# Process XORQA dataset for Seq2Seq QA training

In [3]:
import os, sys, re
import json
import glob
import hashlib
from collections import defaultdict, Counter
import pandas as pd
import numpy as np
from sklearn.model_selection import StratifiedShuffleSplit, GroupShuffleSplit
from pprint import pprint

In [4]:
len('5733be284776f41900661182')

24

In [5]:
def get_hash(text):
    import hashlib
    return hashlib.sha256(text.encode()).hexdigest()[:24]
get_hash('a')

def get_qa_hash(question, context):
    return get_hash('question:' + question + ' ' + 'context:' + context)

In [6]:
sys.path.append('../../exploratory/online_prompt/notebooks/')
from exploring_sentence_level import (
    load_model,
    mine_prompt_gt,  
    segment_sentence,
    run_online_prompt_mining
)

In [7]:
XORQA_BASE_DIR = '../data/xorqa/en/tydi_xor_gp/'
xorqa_xx = {
    'train': json.load(open(os.path.join(XORQA_BASE_DIR, 'gp_squad_train_data.json'), 'r'))['data'],
      'val': json.load(open(os.path.join(XORQA_BASE_DIR, 'gp_squad_dev_data.json'), 'r'))['data'],   
}

In [8]:
xorqa_xx['train'][-1]

{'title': 'title:Vamsy_parentSection:Introduction_sectionName:Career._sectionIndex:2',
 'paragraphs': [{'context': 'He has published a short stories compilation called "Maa Pasalapudi Kathalu". Besides that compilation, Vamsy has written a wide variety of short stories since 1974 when he was 18 years old. His major works include "Mahallo kokila", "Manchupallaki", "Aa Naati Vaana Chinukulu", "Venditera Kathalu" (original scripts of "Sankarabharanam" and "Anveshana"), "Vennela Bomma", "Gokulam lo Radha", "Ravvala konda", "Sree seetarama lanchi service Rajahmundry", "Manyam rani", "Rangularatnam". He has penned around 150 short stories published in swathi weekly under title "Maa Diguwa Godavari Kathalu" For his contributions to the art of story telling with a native approach through his books he was bestowed with "Sripada Puraskhaaram" at Rajamundry on 17 April 2011.',
   'qas': [{'question': 'మా పసలపూడి కథలు పుస్తకమును ఎవరు రచించారు?',
     'answers': [{'text': 'Vamsy', 'answer_start': 1

In [9]:
title = 'title:Vamsy_parentSection:Introduction_sectionName:Career._sectionIndex:2'
document_title = re.search(r'(title:)(.+)(Section:)', title).group(2)


In [10]:
def get_xorqa_answer_str(context, qas):
    context_qa_pairs = []
    for qa in qas:
        question = qa['question']
        lang = qa['lang'].strip()
        answer = qa['answers'][0]['text']
        answer_start = qa['answers'][0]['answer_start']
        answers = qa['answers']
        context_qa_pairs.append((context, question, answer, answer_start, lang, answers))
    return context_qa_pairs

In [11]:
xorqa_xx_dataset = defaultdict(lambda: { 'train': [], 'val': [] })

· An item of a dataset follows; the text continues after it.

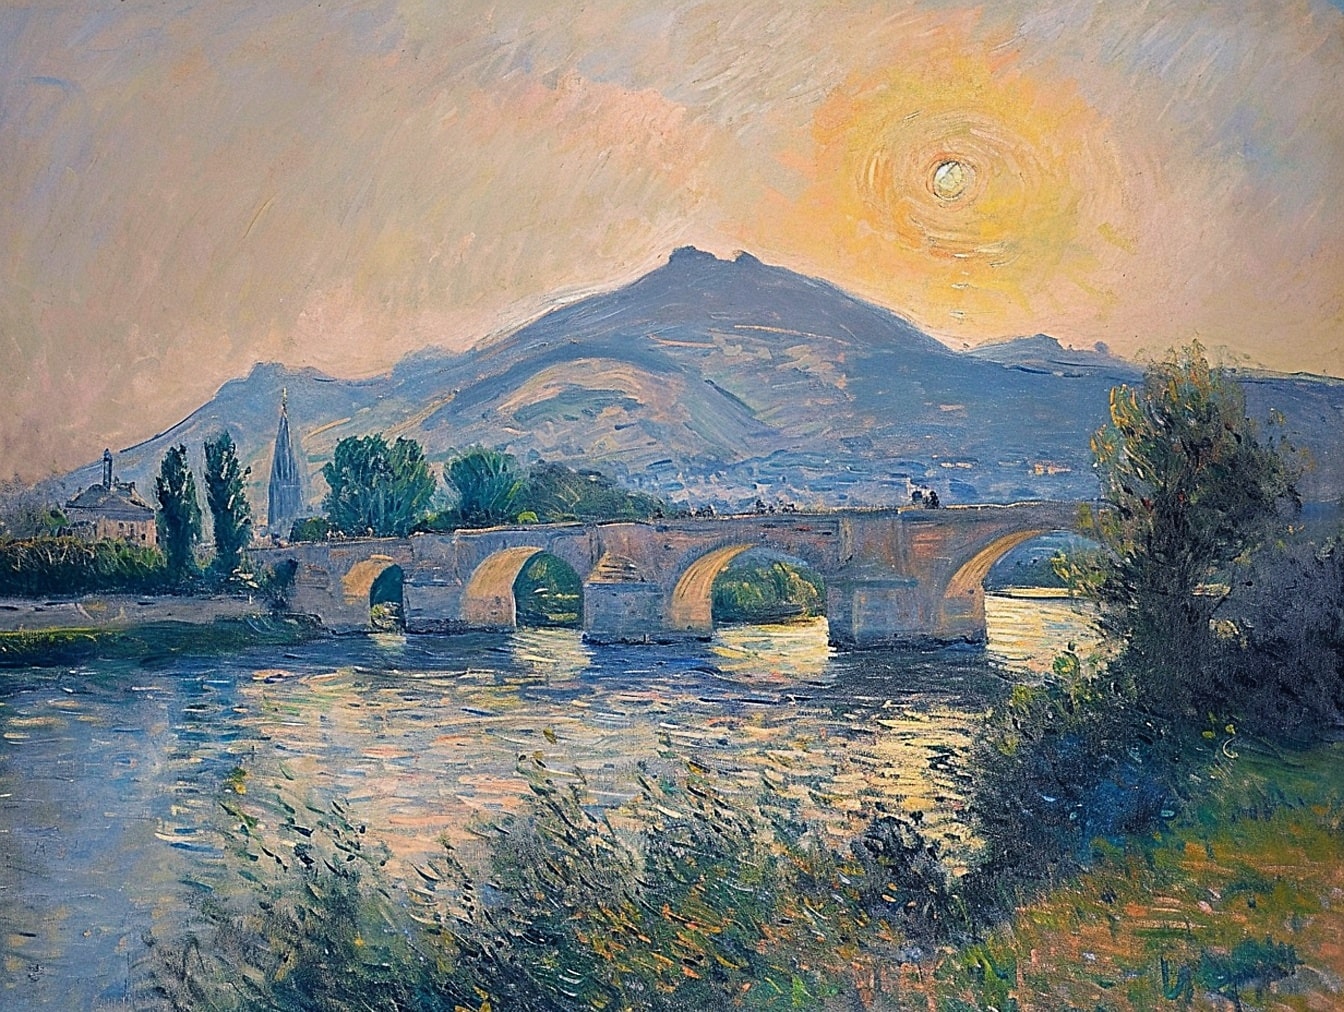 Картина олійними фарбами старого кам’яного мосту через річку із заходом сонця над пагорбами на задньому плані
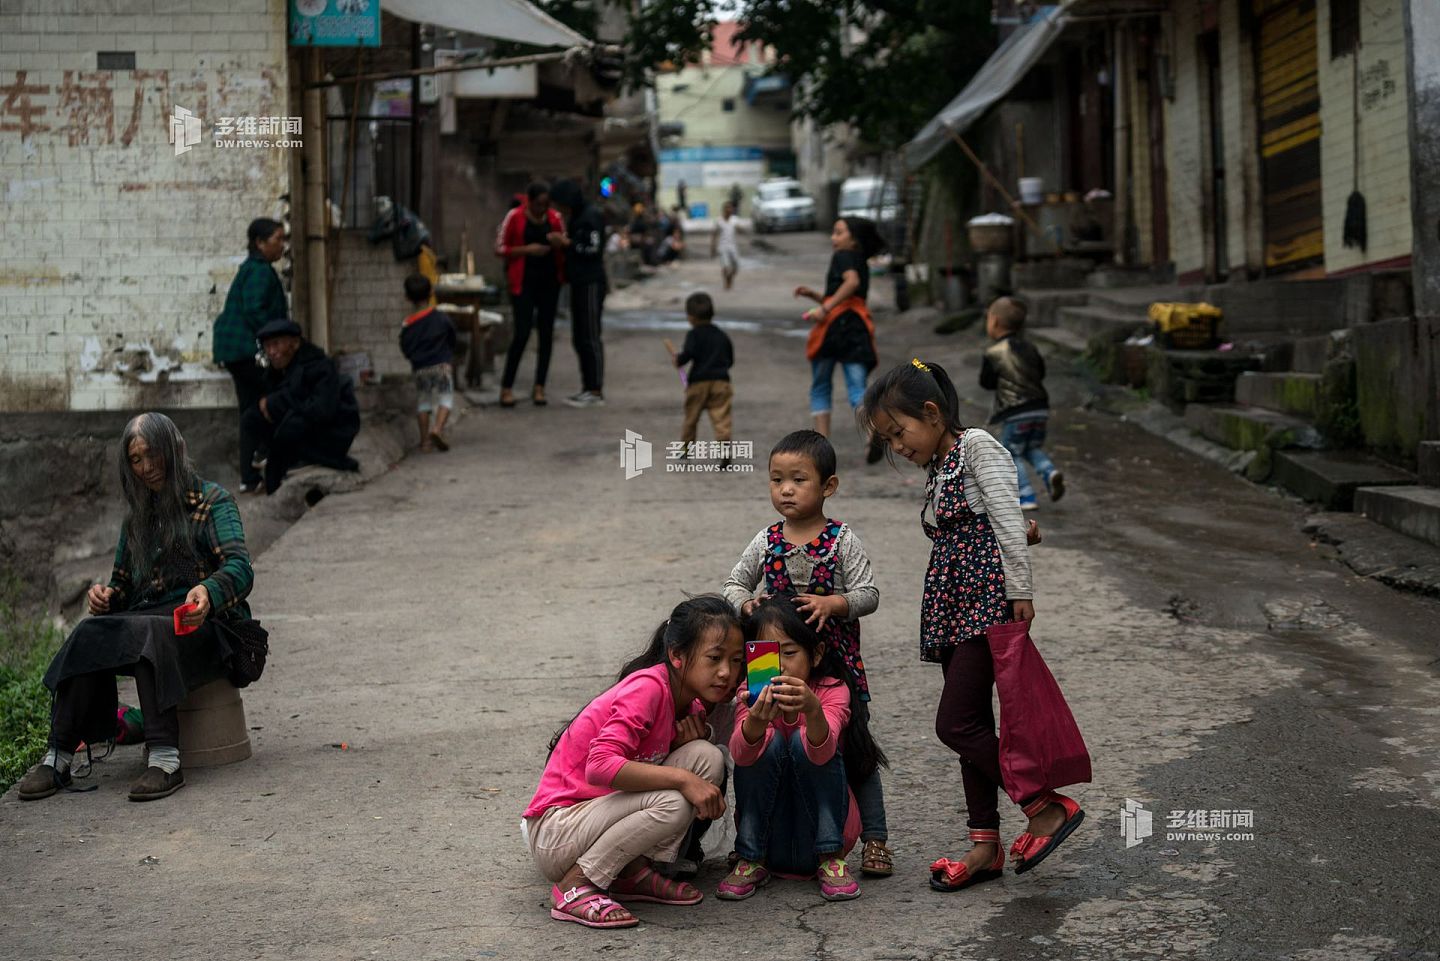 四川西南的大凉山是中国最大的彝族聚居区，也是中国贫困县最为集中的地区之一。这里被称为中国贫穷的样本，恶劣的自然环境和长期的贫困困扰着这里。 图为当地彝族小孩。（多维新闻）

for split_name in ['train', 'val']:
    for i, item in enumerate(xorqa_xx[split_name]):
        paragraphs = item['paragraphs']
#         print('.' ,end='')
        full_title = item['title']
        document_title = re.search(r'(title:)(.+)(Section:)', full_title).group(2)
        for j, paragraph in enumerate(paragraphs):

            context = paragraph['context']
            context_qa_pairs = get_xorqa_answer_str(context=context, qas=paragraph['qas'])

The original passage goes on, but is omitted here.